What is expected: Only the lines below between the ones containing "Daimler Benz LA 911 Kurzhauber" and "groom at historic", inclusive, are to be reproduced, each exactly as it stands.

(Dataset excerpts Opens)

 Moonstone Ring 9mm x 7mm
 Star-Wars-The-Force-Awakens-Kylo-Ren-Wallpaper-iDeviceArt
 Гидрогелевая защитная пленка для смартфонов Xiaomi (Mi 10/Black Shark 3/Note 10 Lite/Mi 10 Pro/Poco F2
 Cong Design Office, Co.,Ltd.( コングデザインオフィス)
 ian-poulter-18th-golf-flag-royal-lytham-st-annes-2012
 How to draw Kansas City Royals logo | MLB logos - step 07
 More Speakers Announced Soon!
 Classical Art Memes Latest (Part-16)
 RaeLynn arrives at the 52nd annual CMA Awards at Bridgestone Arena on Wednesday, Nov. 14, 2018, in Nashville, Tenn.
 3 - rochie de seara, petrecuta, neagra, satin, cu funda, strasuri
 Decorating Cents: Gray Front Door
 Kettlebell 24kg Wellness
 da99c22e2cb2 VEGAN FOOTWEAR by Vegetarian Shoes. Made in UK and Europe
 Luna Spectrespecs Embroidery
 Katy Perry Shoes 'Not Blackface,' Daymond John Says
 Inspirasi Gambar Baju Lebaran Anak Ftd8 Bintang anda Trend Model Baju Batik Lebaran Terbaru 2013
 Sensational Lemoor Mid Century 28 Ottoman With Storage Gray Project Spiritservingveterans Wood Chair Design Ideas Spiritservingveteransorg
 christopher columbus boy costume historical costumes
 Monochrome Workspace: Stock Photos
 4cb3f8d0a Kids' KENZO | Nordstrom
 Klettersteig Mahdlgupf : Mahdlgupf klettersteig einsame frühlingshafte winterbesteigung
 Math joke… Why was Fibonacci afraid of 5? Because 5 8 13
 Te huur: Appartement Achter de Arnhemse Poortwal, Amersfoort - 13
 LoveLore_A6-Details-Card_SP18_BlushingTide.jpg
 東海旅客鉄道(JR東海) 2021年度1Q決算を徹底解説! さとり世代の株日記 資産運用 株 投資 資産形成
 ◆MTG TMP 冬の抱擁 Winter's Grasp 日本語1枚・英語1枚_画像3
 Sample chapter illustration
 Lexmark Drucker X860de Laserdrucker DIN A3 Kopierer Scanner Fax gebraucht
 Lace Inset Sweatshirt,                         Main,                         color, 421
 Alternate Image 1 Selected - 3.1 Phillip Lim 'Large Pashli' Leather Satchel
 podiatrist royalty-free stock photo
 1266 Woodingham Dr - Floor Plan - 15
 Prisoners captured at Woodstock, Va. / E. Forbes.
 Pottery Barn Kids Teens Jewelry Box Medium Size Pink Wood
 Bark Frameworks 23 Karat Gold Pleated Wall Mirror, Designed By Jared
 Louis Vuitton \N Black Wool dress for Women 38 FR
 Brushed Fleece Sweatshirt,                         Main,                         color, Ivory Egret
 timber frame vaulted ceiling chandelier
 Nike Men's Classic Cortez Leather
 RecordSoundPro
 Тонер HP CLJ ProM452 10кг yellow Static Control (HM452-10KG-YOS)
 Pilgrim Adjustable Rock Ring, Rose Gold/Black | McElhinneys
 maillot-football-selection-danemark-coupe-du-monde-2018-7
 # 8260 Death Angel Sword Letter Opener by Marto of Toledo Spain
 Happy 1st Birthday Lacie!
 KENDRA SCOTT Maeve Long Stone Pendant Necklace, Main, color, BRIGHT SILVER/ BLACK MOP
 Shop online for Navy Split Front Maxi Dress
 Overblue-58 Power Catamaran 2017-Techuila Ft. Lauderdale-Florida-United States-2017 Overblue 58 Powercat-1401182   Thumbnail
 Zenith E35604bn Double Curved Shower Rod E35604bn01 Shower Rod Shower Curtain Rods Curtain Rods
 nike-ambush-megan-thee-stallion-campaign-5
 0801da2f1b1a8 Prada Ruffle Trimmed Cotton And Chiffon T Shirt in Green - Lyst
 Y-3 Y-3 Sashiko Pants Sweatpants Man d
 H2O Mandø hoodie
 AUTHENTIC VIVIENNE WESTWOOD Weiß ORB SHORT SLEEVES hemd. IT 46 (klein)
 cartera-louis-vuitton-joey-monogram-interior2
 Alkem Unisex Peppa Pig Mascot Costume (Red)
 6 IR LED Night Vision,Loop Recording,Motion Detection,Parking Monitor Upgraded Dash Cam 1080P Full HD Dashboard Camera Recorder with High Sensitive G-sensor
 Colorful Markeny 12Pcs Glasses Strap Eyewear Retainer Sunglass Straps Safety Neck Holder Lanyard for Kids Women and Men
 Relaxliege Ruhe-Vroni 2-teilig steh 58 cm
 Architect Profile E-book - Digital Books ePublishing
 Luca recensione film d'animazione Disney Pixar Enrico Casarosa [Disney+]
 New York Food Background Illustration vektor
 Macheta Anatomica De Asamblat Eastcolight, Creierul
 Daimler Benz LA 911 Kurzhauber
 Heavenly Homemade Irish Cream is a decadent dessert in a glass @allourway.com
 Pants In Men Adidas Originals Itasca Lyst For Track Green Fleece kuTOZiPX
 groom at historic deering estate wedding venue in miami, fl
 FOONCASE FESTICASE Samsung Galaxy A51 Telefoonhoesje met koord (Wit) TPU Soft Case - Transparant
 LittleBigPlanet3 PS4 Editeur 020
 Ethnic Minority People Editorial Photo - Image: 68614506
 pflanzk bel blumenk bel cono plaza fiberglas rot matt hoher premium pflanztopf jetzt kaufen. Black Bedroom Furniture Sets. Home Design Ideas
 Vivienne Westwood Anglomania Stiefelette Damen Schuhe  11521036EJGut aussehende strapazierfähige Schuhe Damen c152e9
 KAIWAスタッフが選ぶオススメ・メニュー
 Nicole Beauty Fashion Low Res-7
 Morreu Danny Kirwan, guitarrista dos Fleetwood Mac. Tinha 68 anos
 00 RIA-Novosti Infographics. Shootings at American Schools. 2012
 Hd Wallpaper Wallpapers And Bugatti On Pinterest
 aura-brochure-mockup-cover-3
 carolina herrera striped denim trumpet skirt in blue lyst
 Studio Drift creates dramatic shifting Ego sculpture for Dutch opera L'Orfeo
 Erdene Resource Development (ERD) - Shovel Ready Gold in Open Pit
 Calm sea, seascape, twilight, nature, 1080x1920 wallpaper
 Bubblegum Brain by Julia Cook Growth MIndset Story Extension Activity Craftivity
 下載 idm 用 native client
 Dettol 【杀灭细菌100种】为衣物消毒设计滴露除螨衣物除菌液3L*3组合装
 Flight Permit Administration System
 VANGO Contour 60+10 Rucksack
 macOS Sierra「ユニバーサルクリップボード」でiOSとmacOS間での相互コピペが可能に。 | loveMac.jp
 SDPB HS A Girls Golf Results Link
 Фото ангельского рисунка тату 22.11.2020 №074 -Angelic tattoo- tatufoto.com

(Dataset excerpts Closes)

Result:
 Daimler Benz LA 911 Kurzhauber
 Heavenly Homemade Irish Cream is a decadent dessert in a glass @allourway.com
 Pants In Men Adidas Originals Itasca Lyst For Track Green Fleece kuTOZiPX
 groom at historic deering estate wedding venue in miami, fl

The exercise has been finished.